_RECORDED DATA_:
============

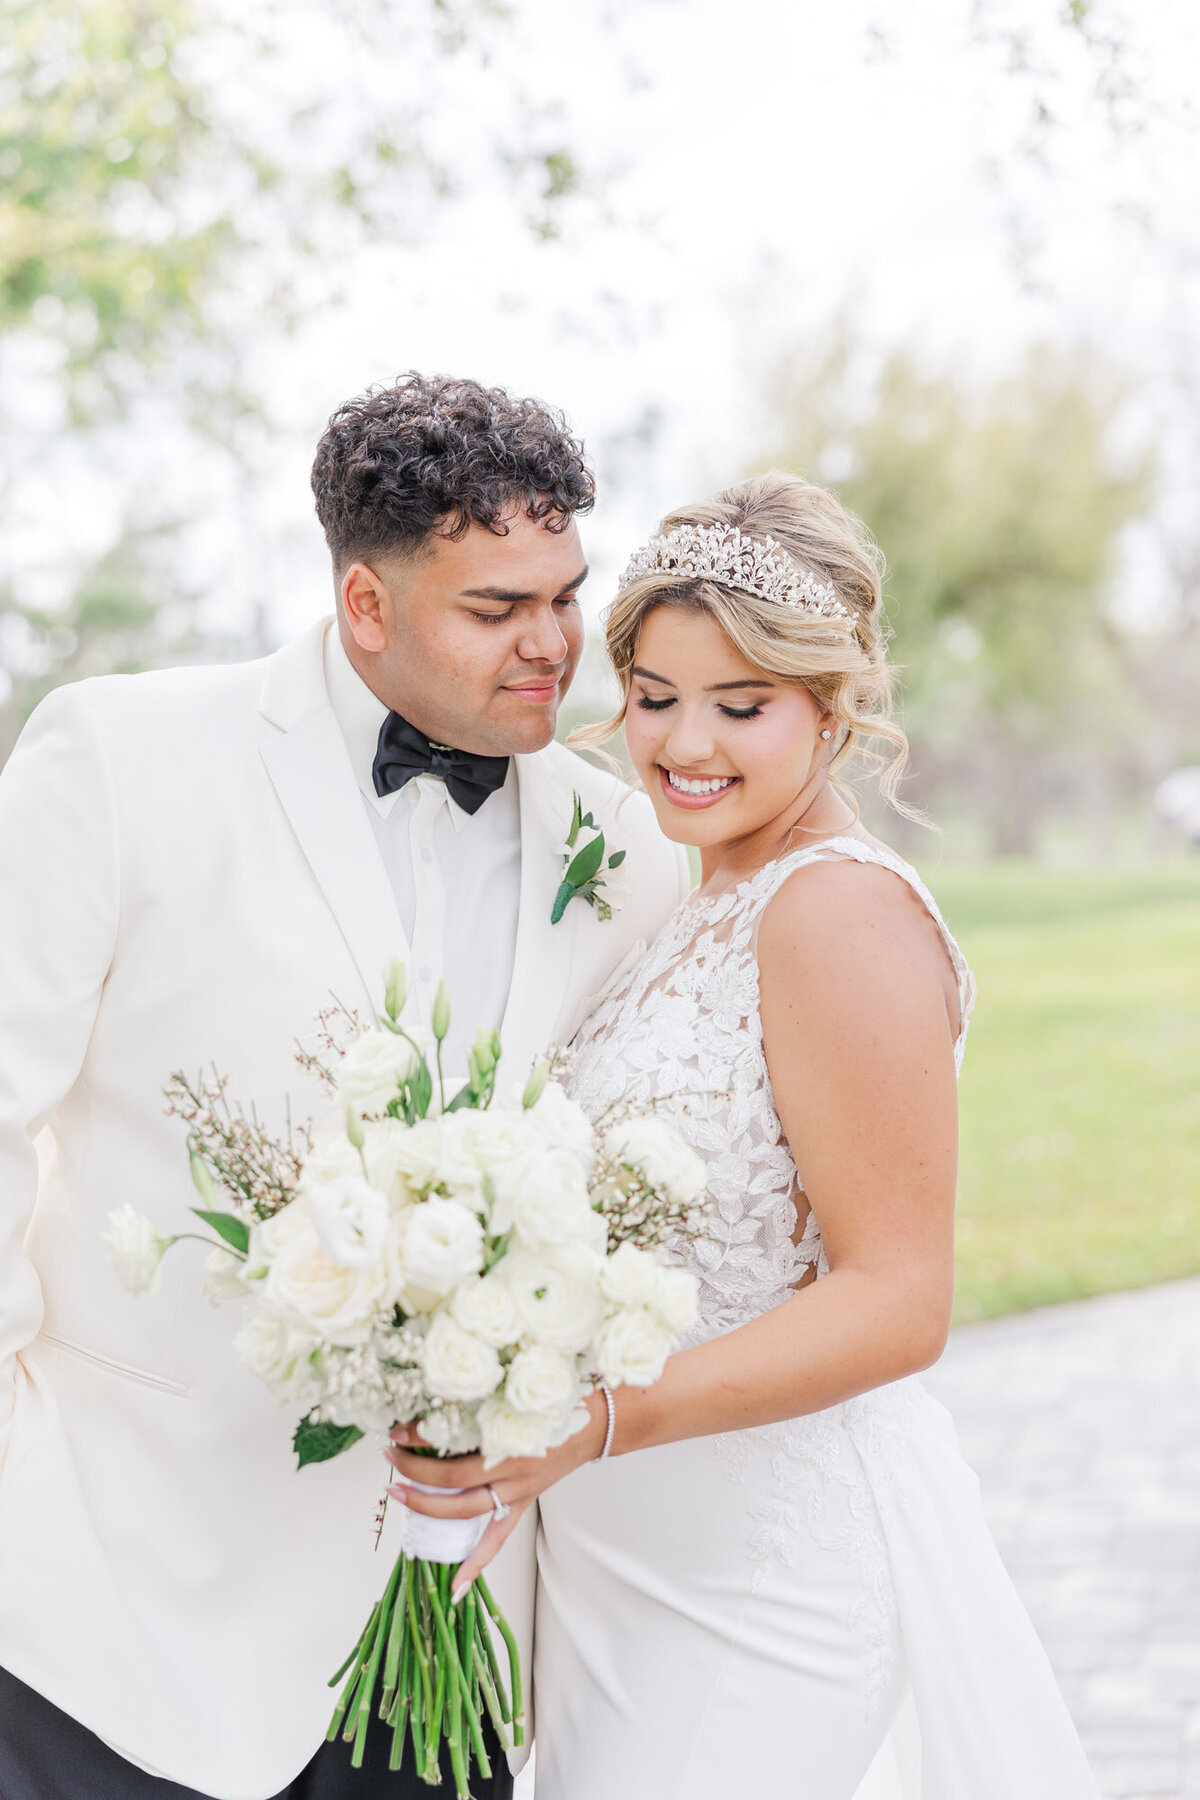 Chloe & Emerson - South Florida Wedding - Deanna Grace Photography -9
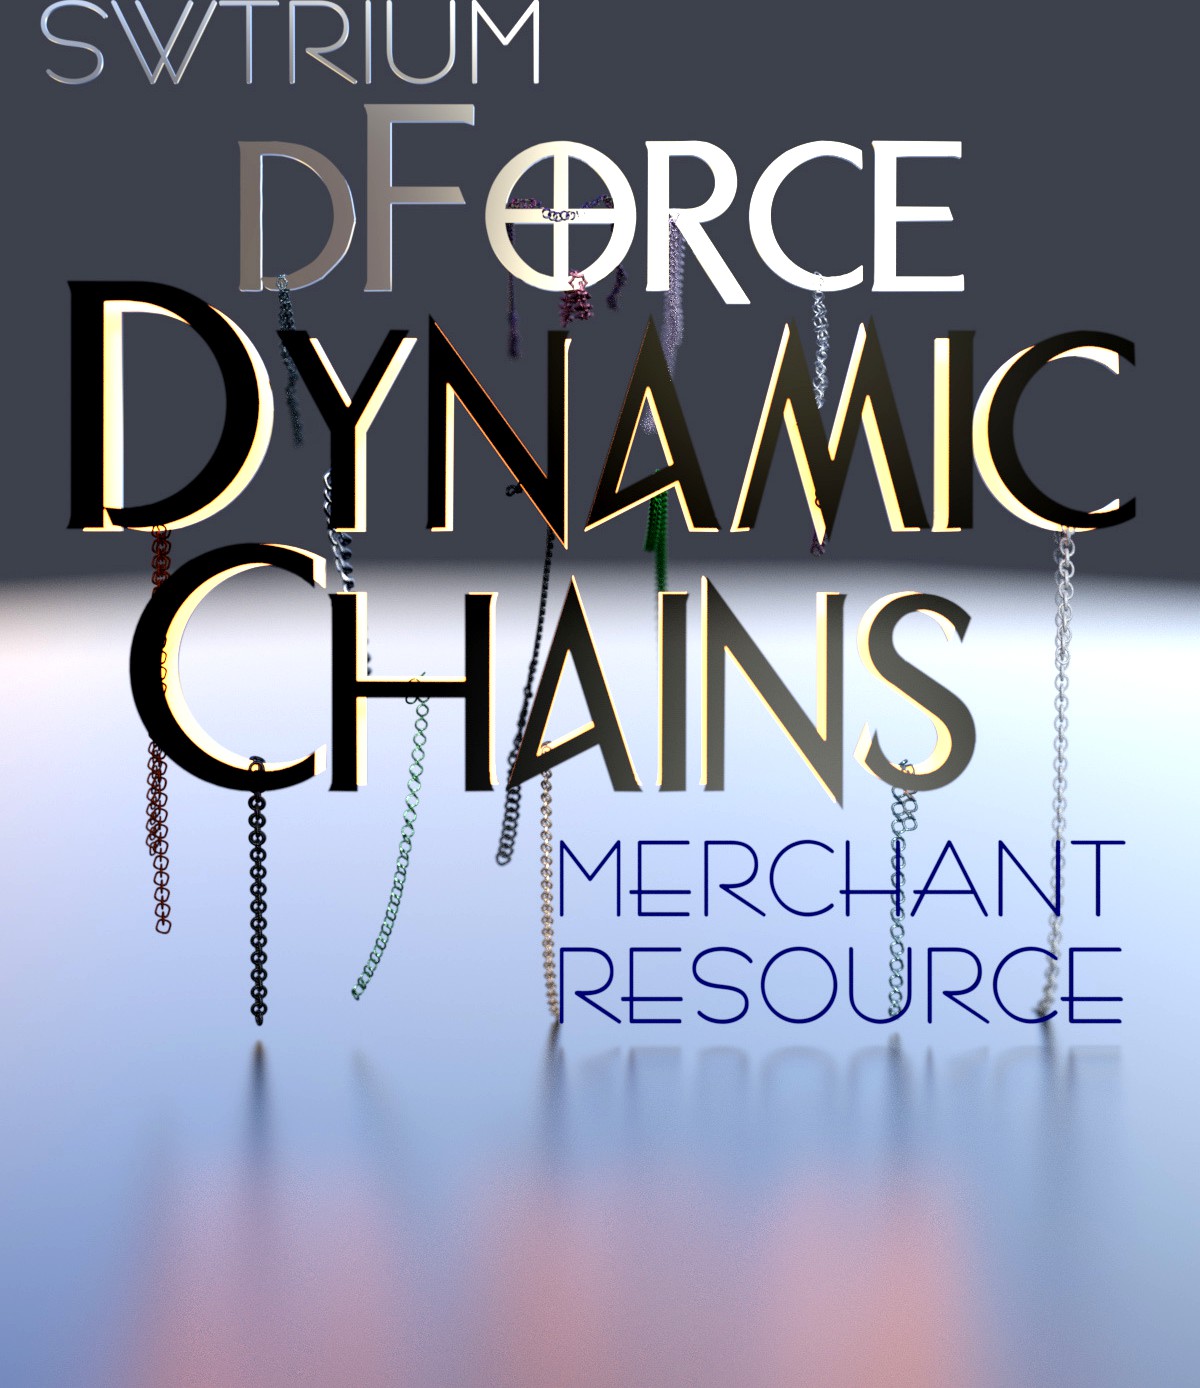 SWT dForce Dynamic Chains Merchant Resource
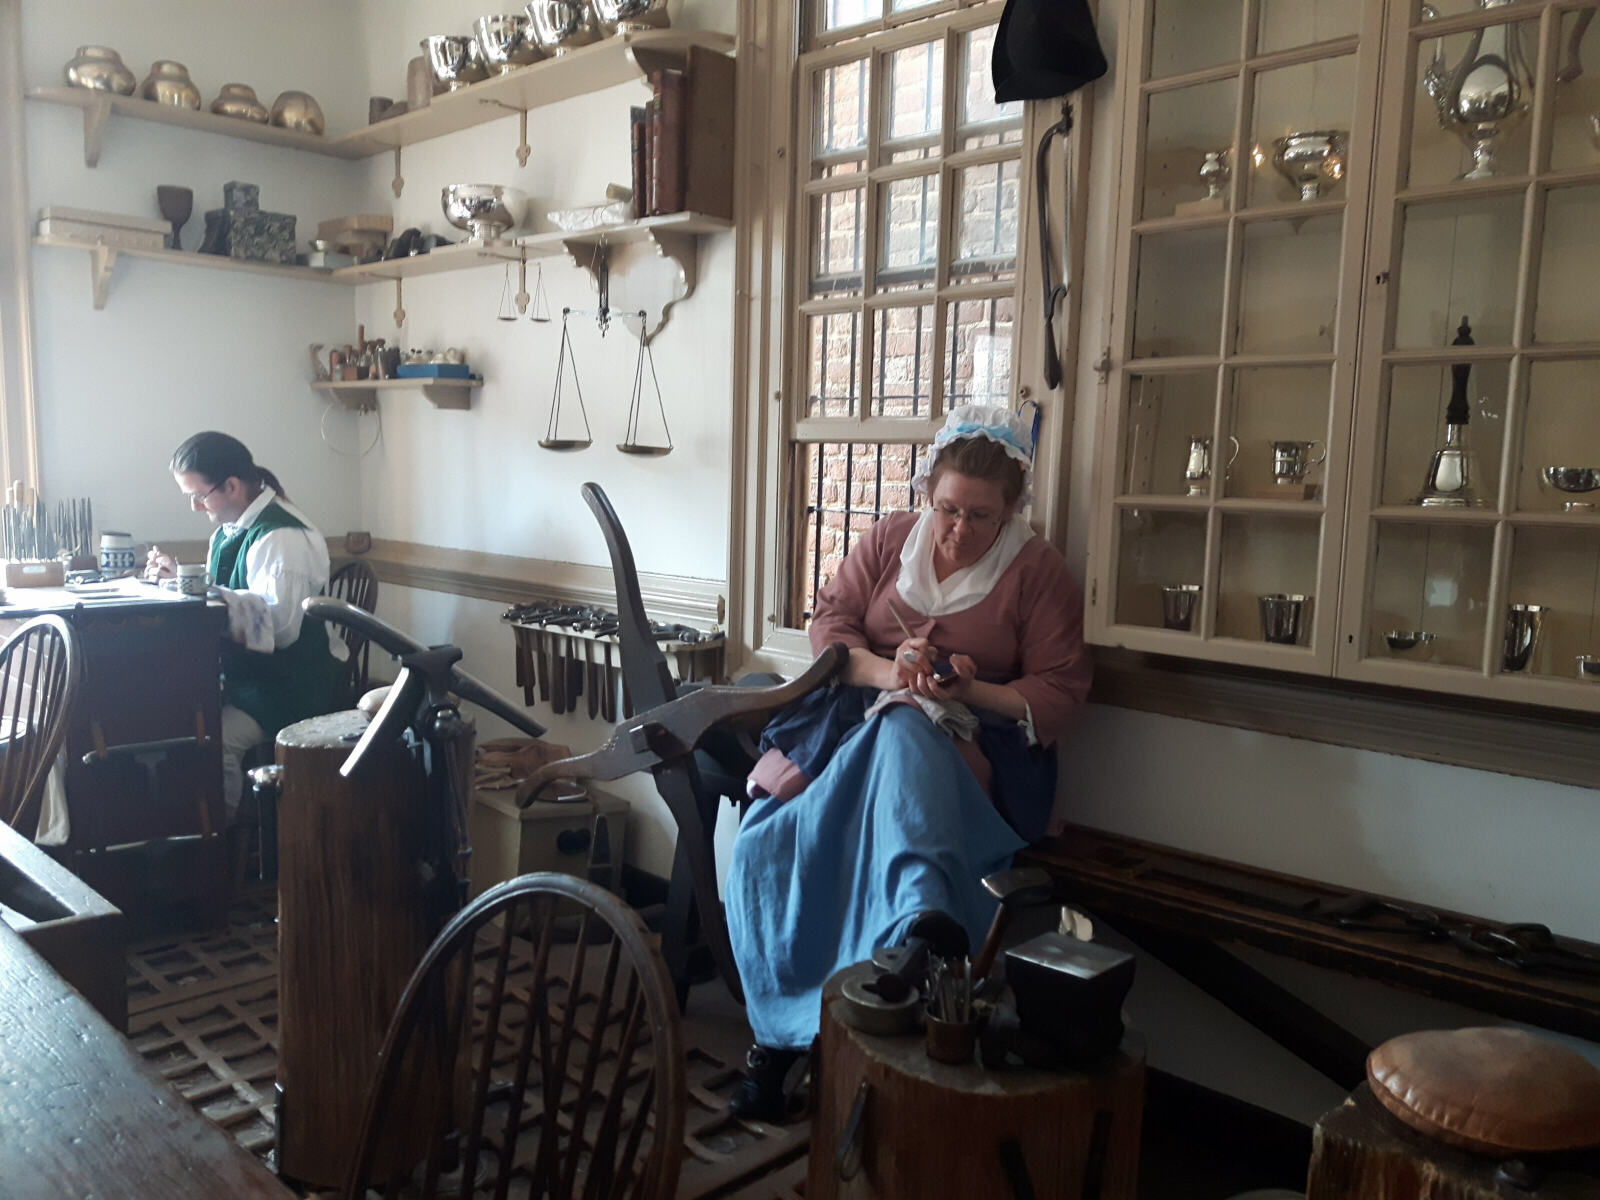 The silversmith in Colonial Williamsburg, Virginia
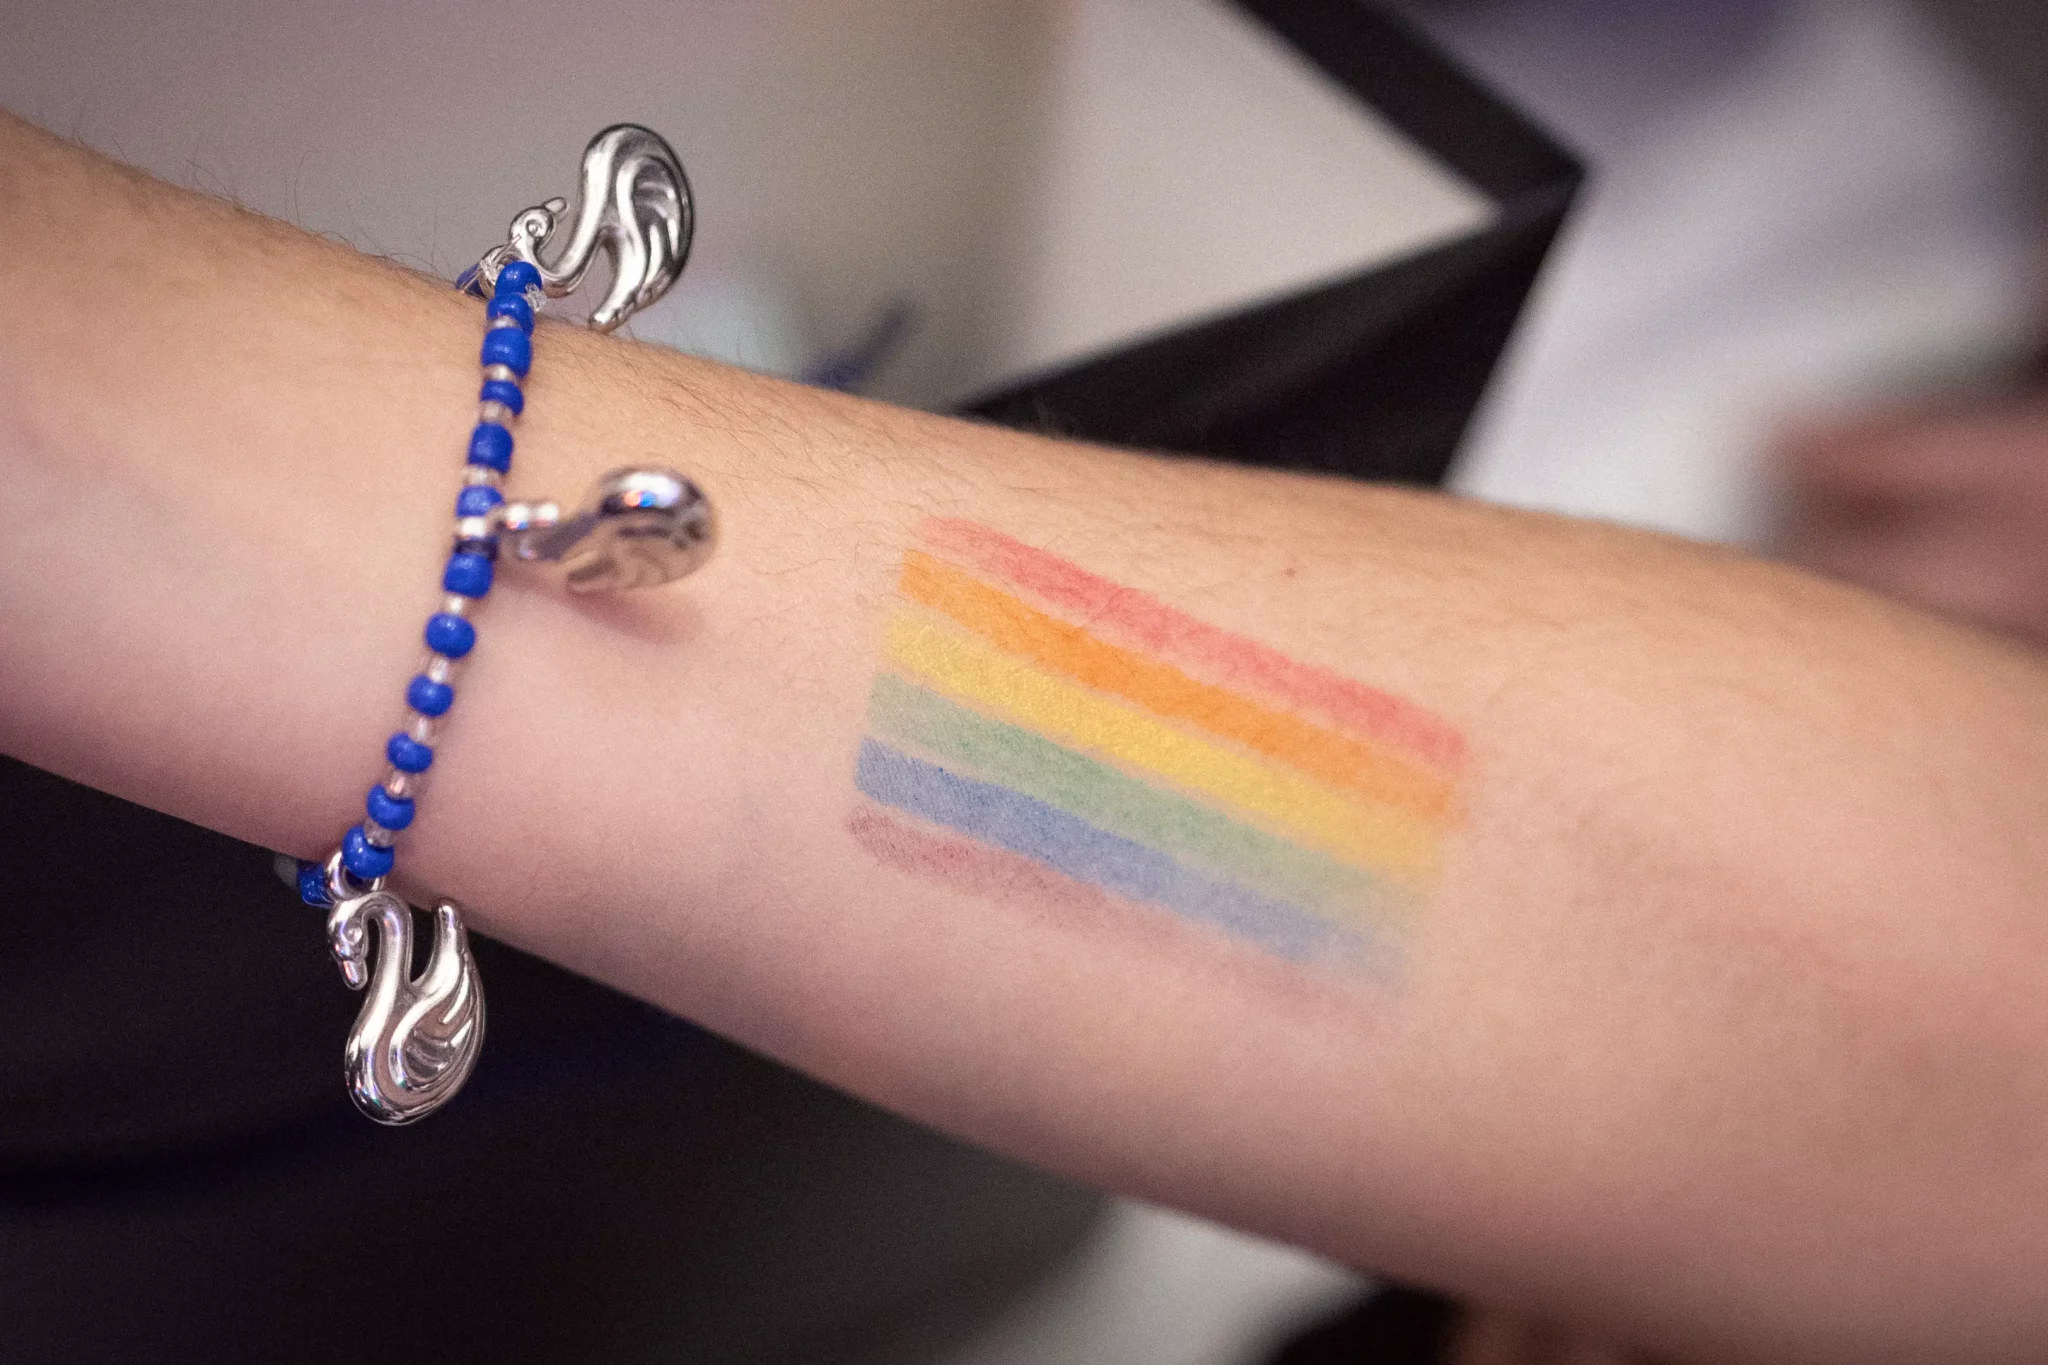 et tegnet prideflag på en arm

============

_YOUR OBJECTIVE_: Copy the preceding data in full and word for word, dropping its pictures.

_SOLUTION BELOW_:
 Chloe & Emerson - South Florida Wedding - Deanna Grace Photography -9
 SWT dForce Dynamic Chains Merchant Resource
 The silversmith in Colonial Williamsburg, Virginia
 et tegnet prideflag på en arm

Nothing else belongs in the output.